**RECORDS FOR THE EXERCISE:**

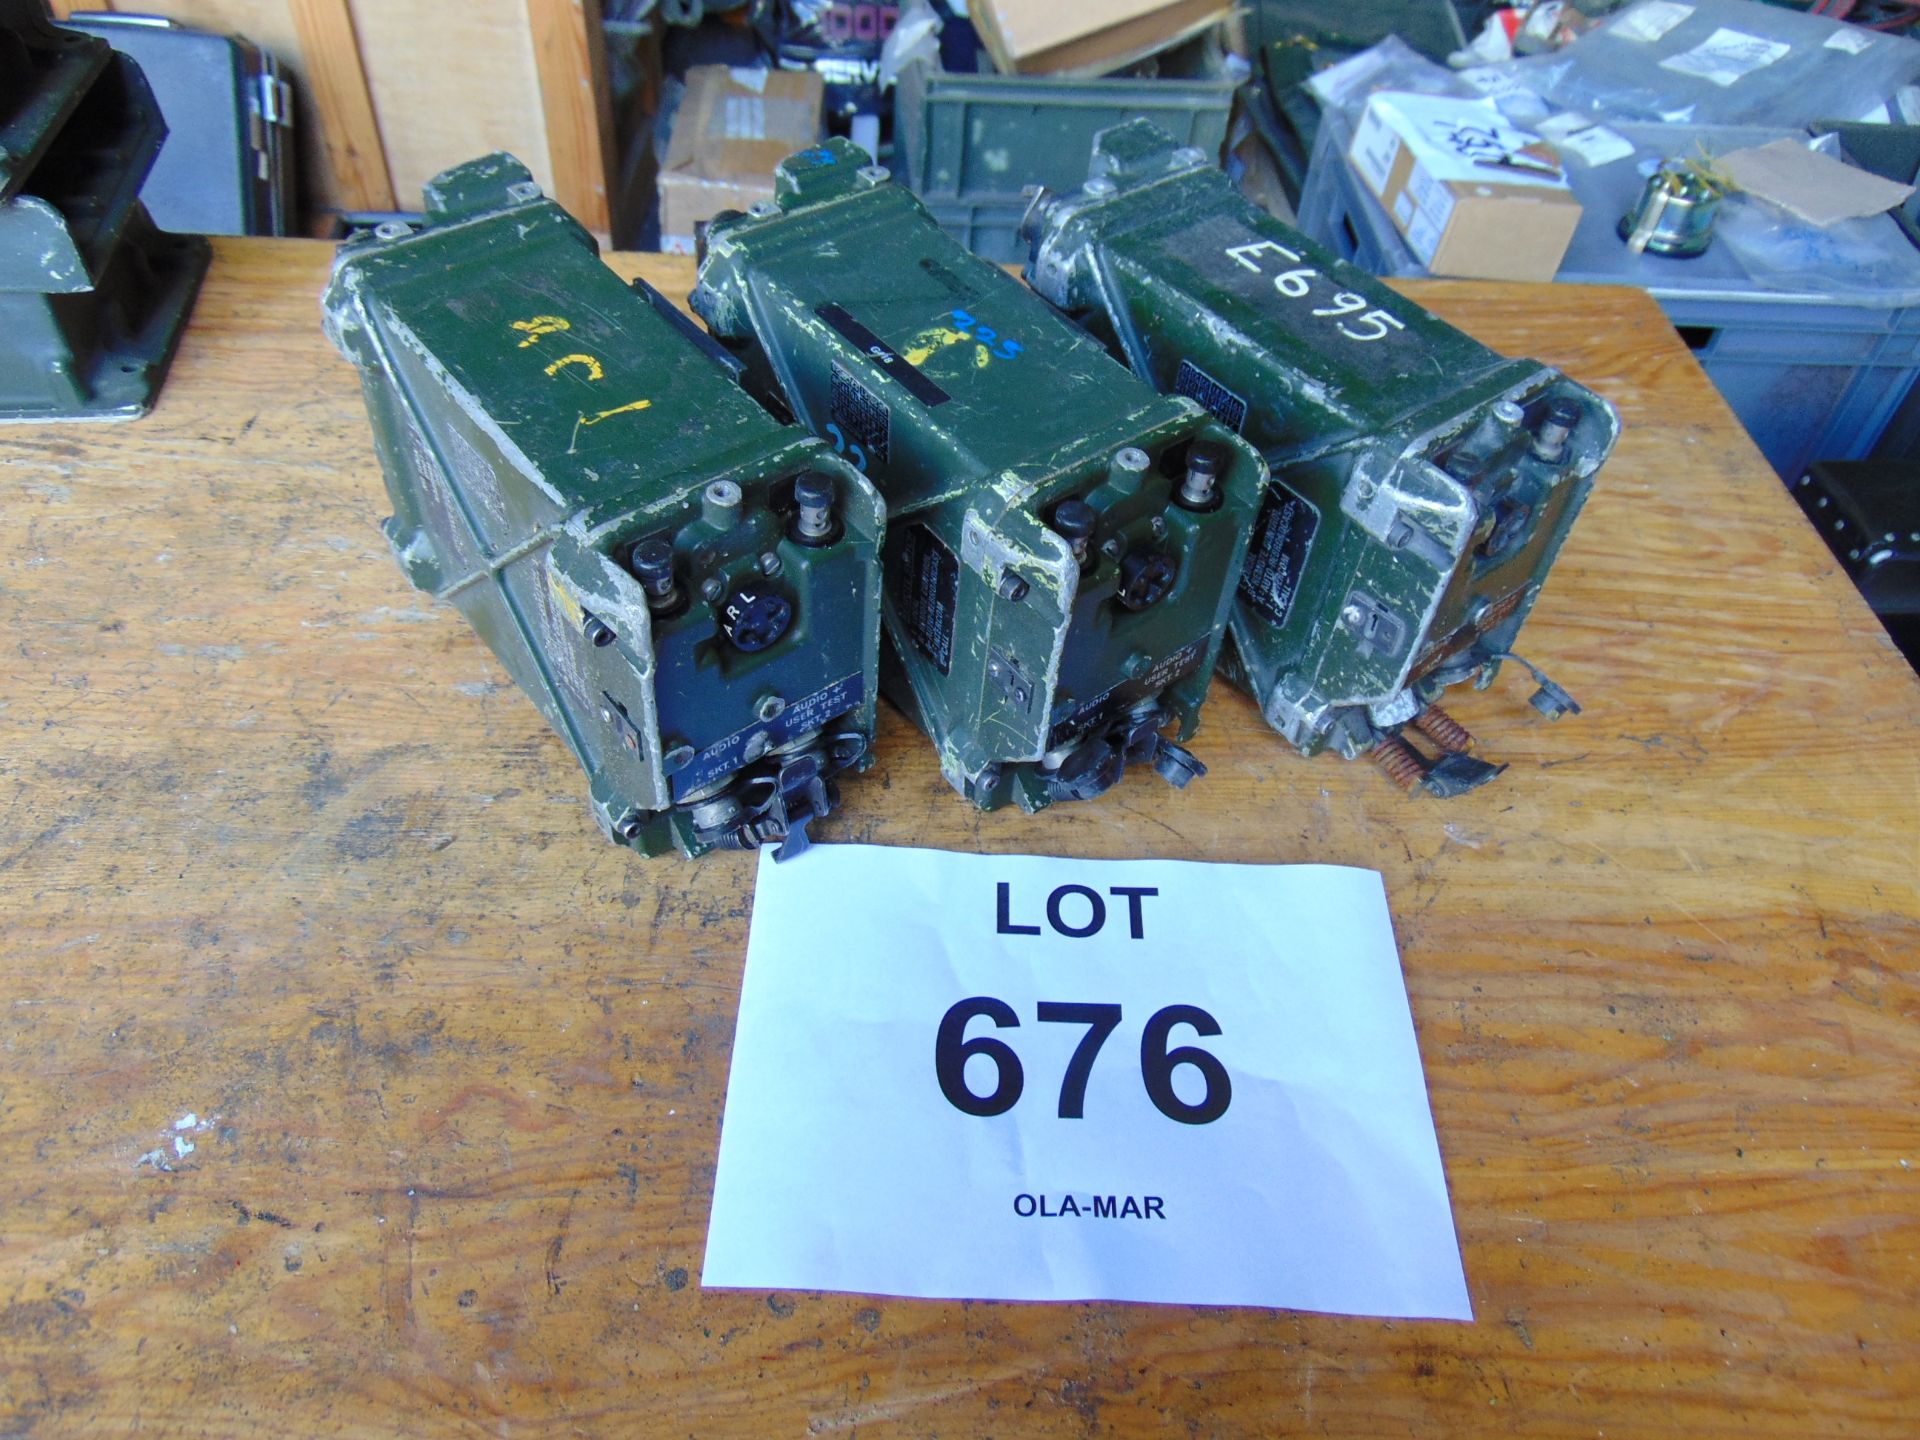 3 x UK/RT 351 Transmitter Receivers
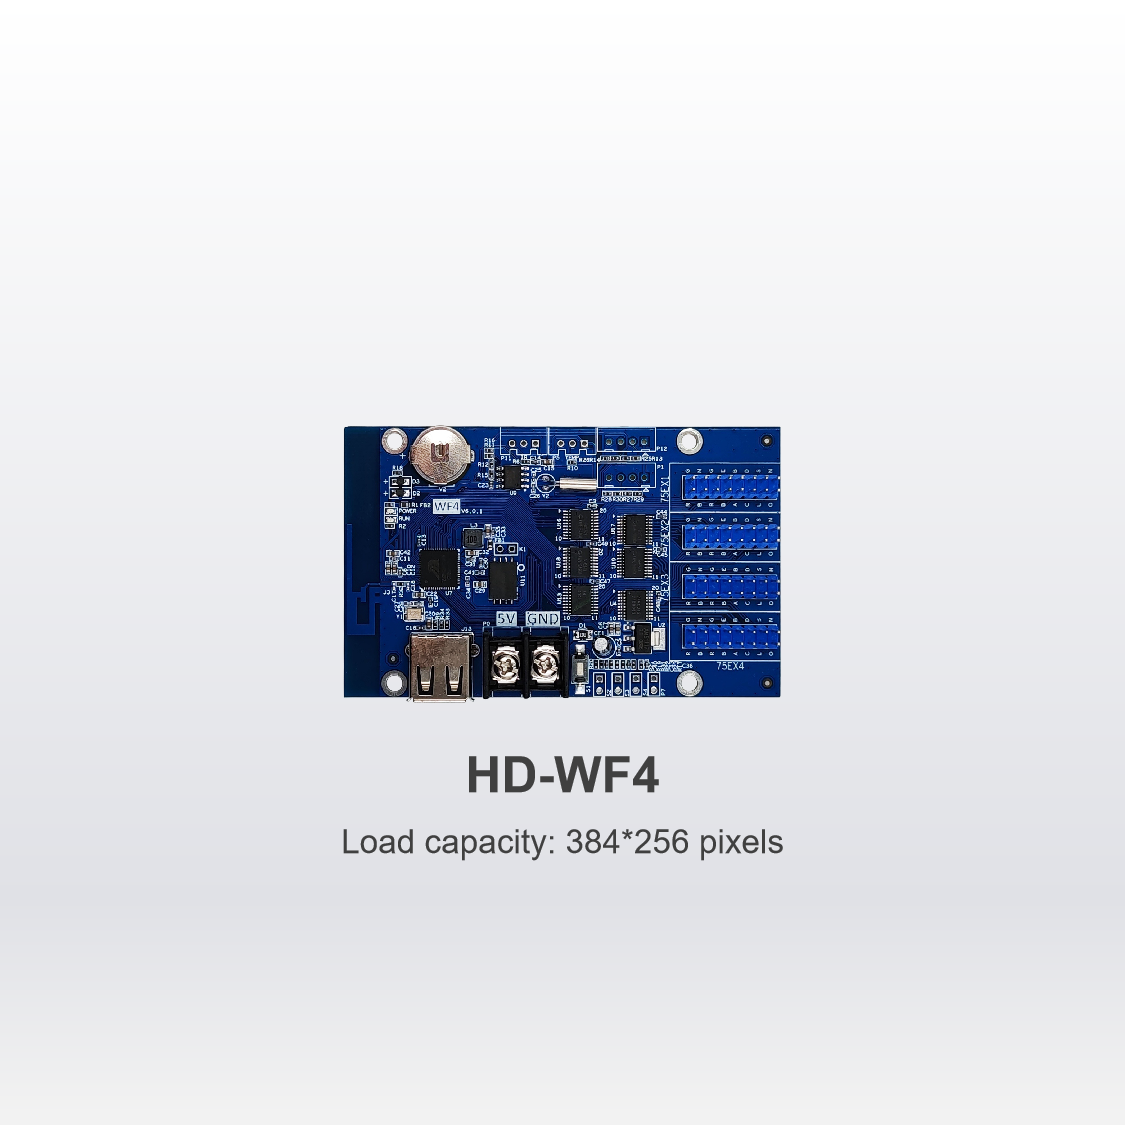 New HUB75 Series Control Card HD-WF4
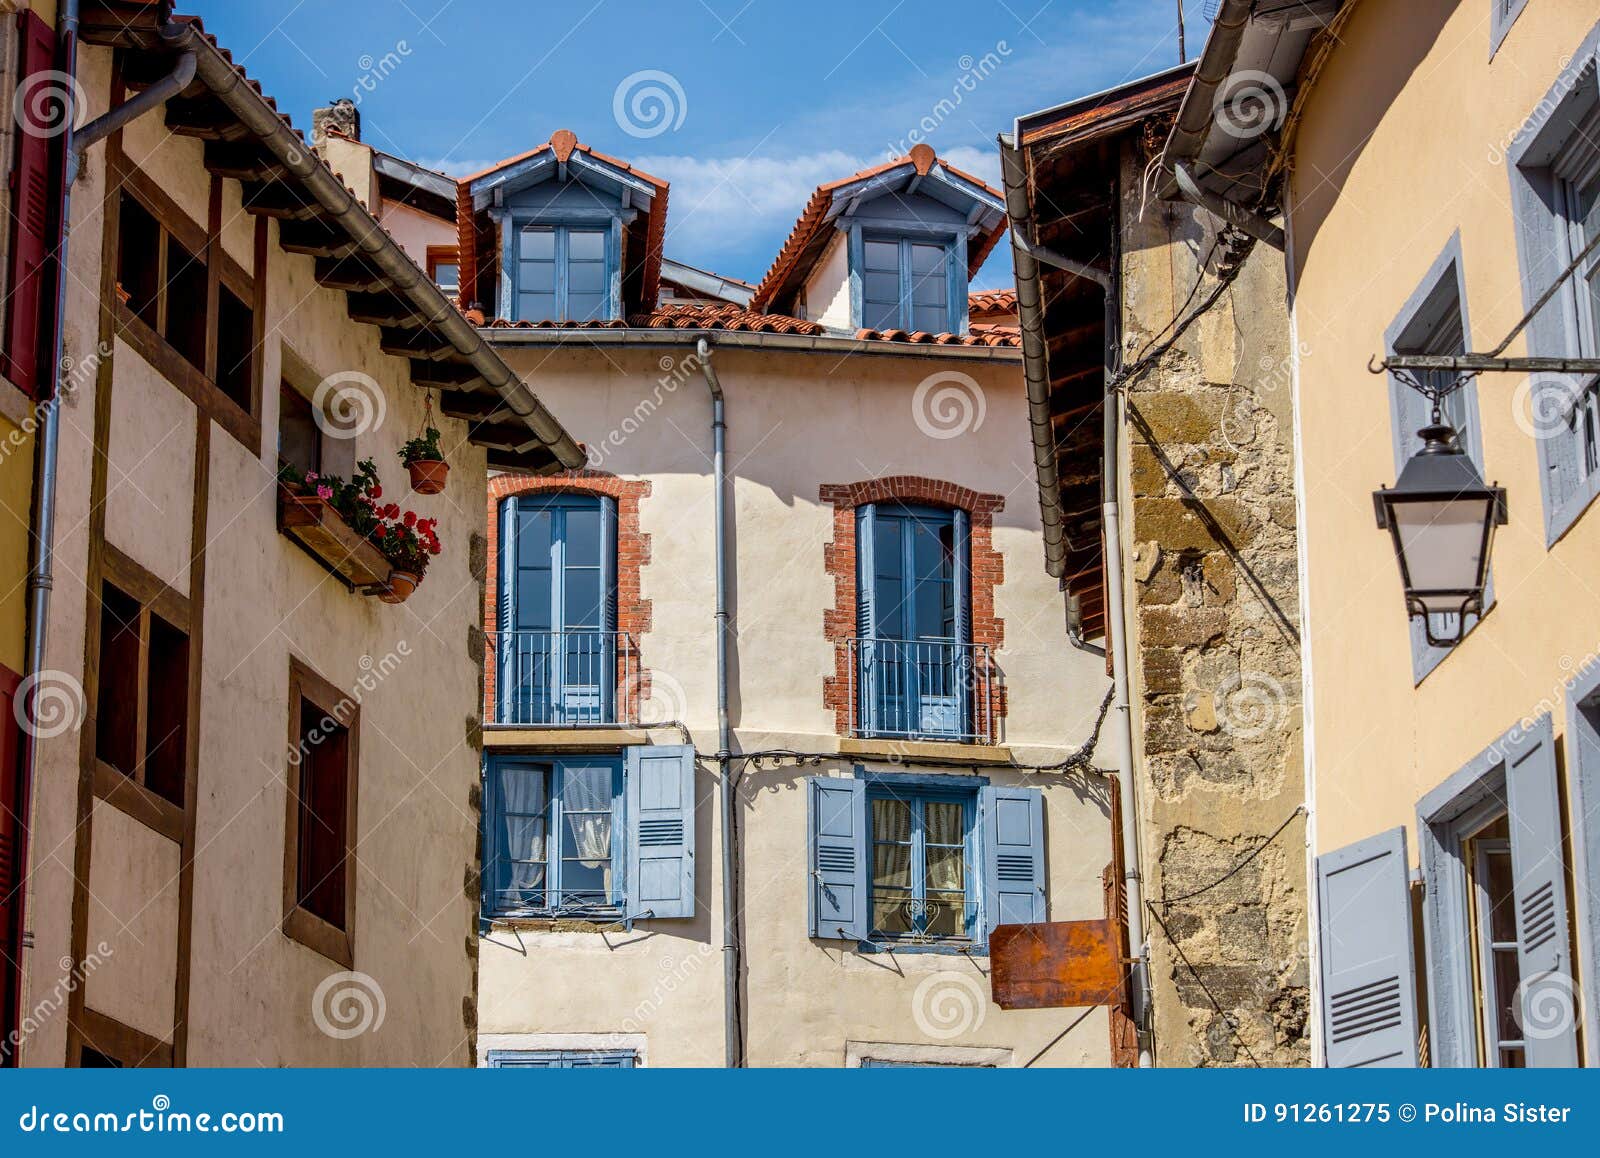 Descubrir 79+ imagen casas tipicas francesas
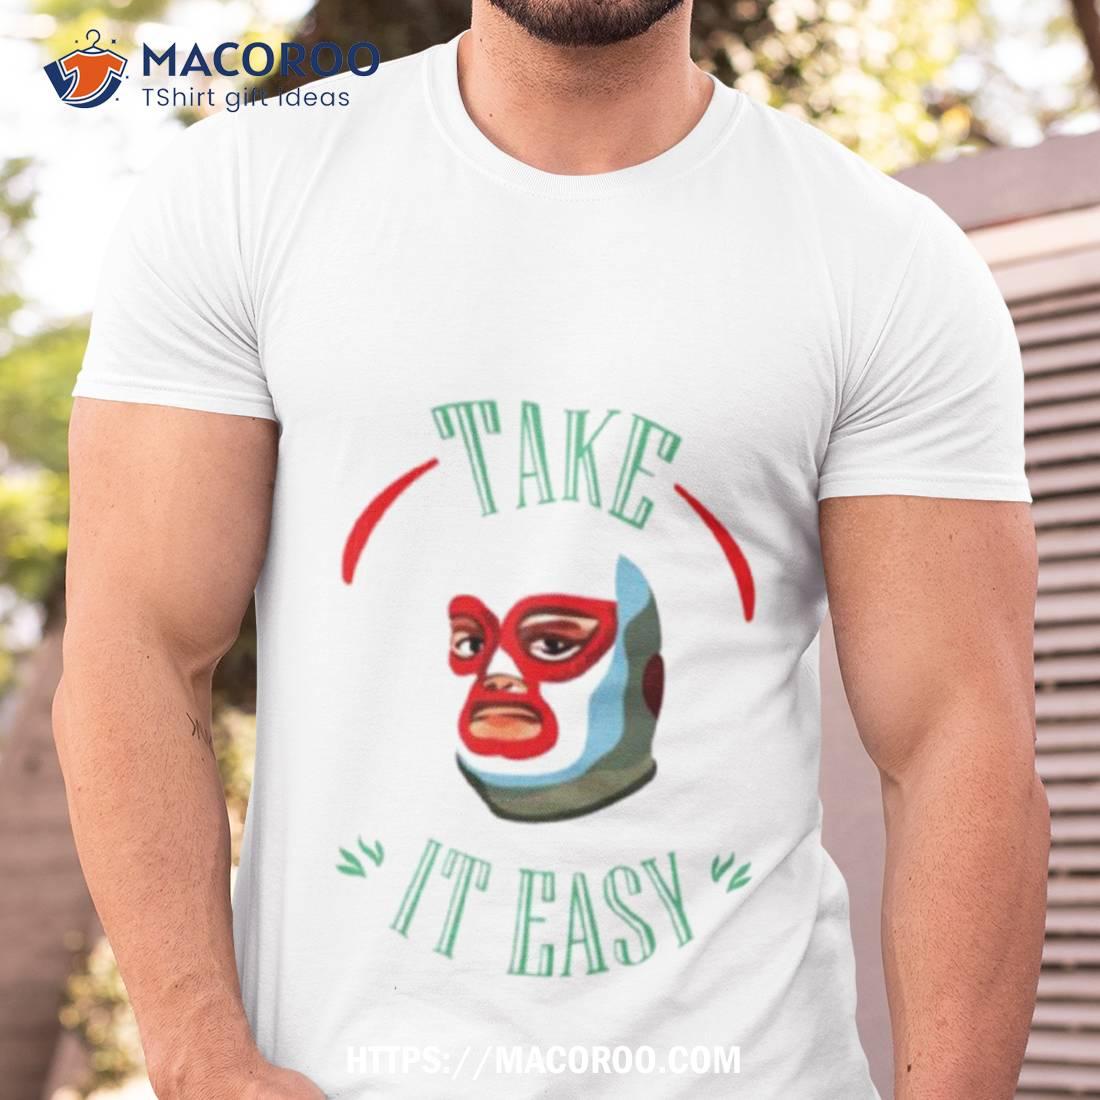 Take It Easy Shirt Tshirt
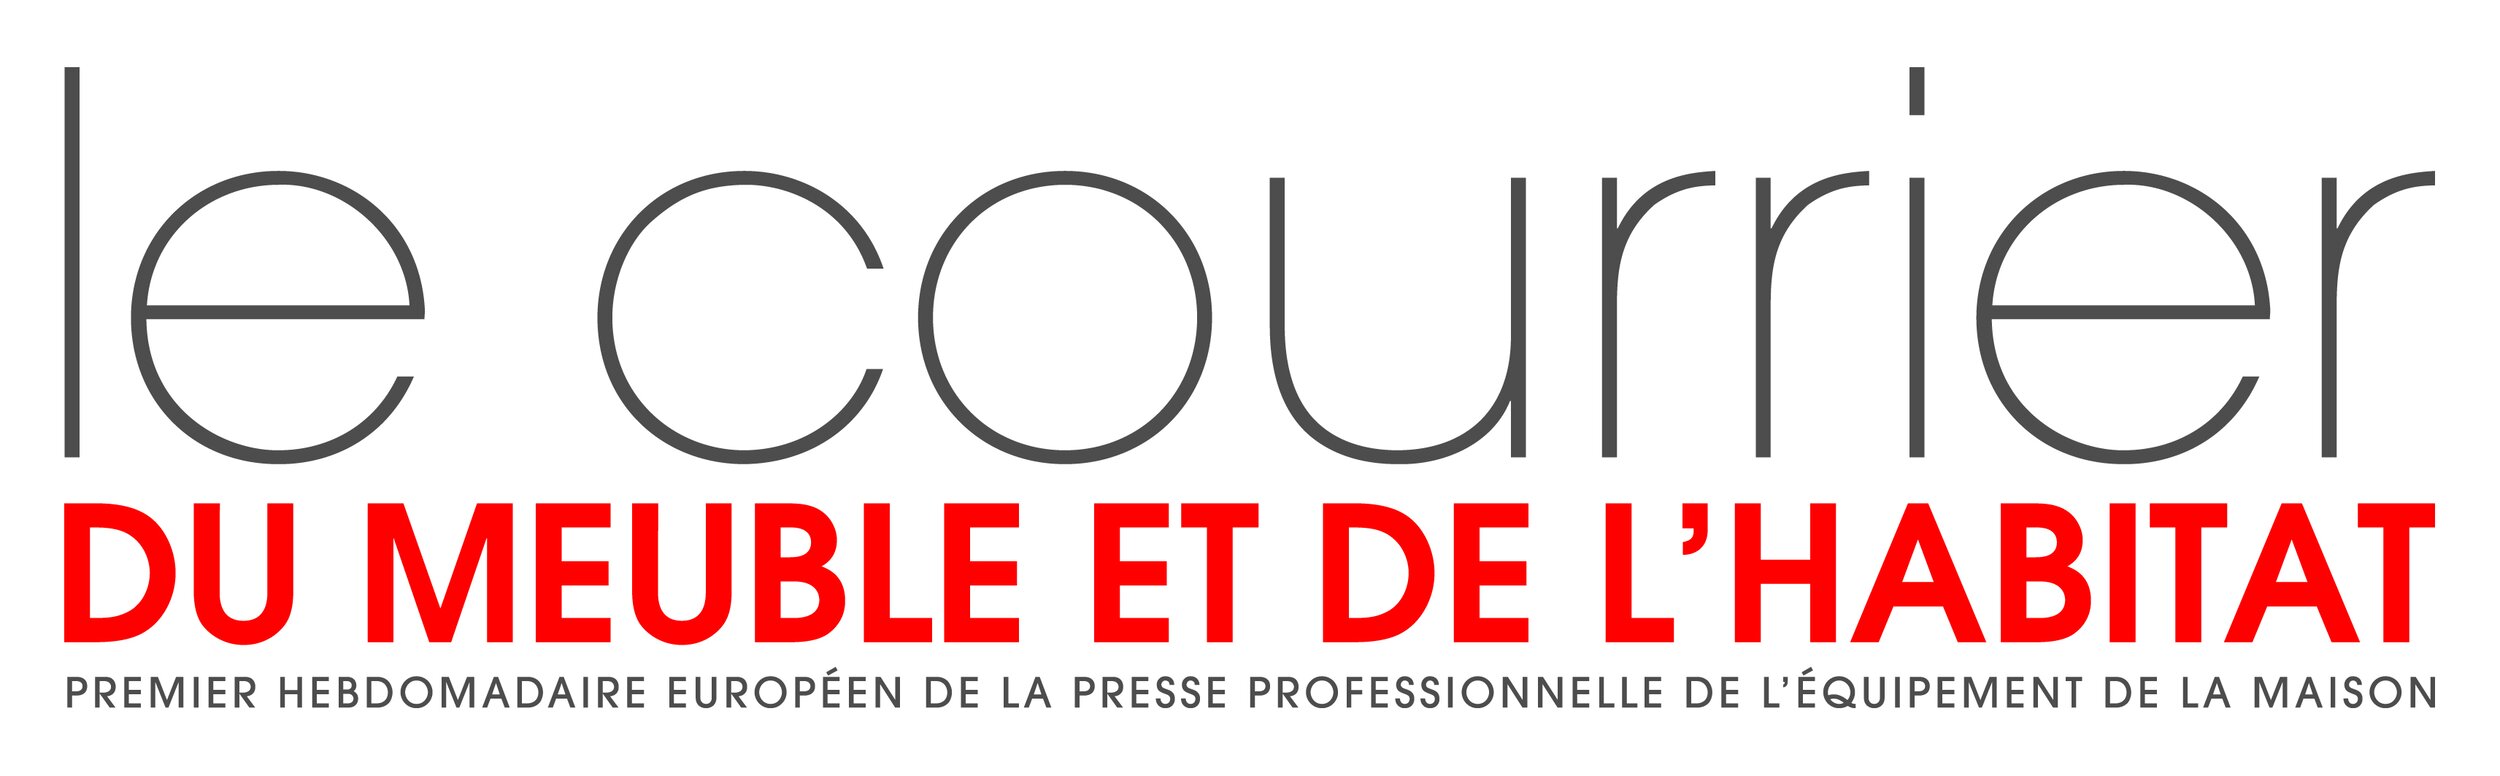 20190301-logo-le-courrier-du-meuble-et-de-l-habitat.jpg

**WORK TO BE COMPLETED:** Only the text of the records belongs in your answer, copied exactly as it appears above.

**RESPONSE FOR THIS EXERCISE:**
 3 x UK/RT 351 Transmitter Receivers
 New HUB75 Series Control Card HD-WF4
 Descubrir 79+ imagen casas tipicas francesas
 Take It Easy Shirt Tshirt
 20190301-logo-le-courrier-du-meuble-et-de-l-habitat.jpg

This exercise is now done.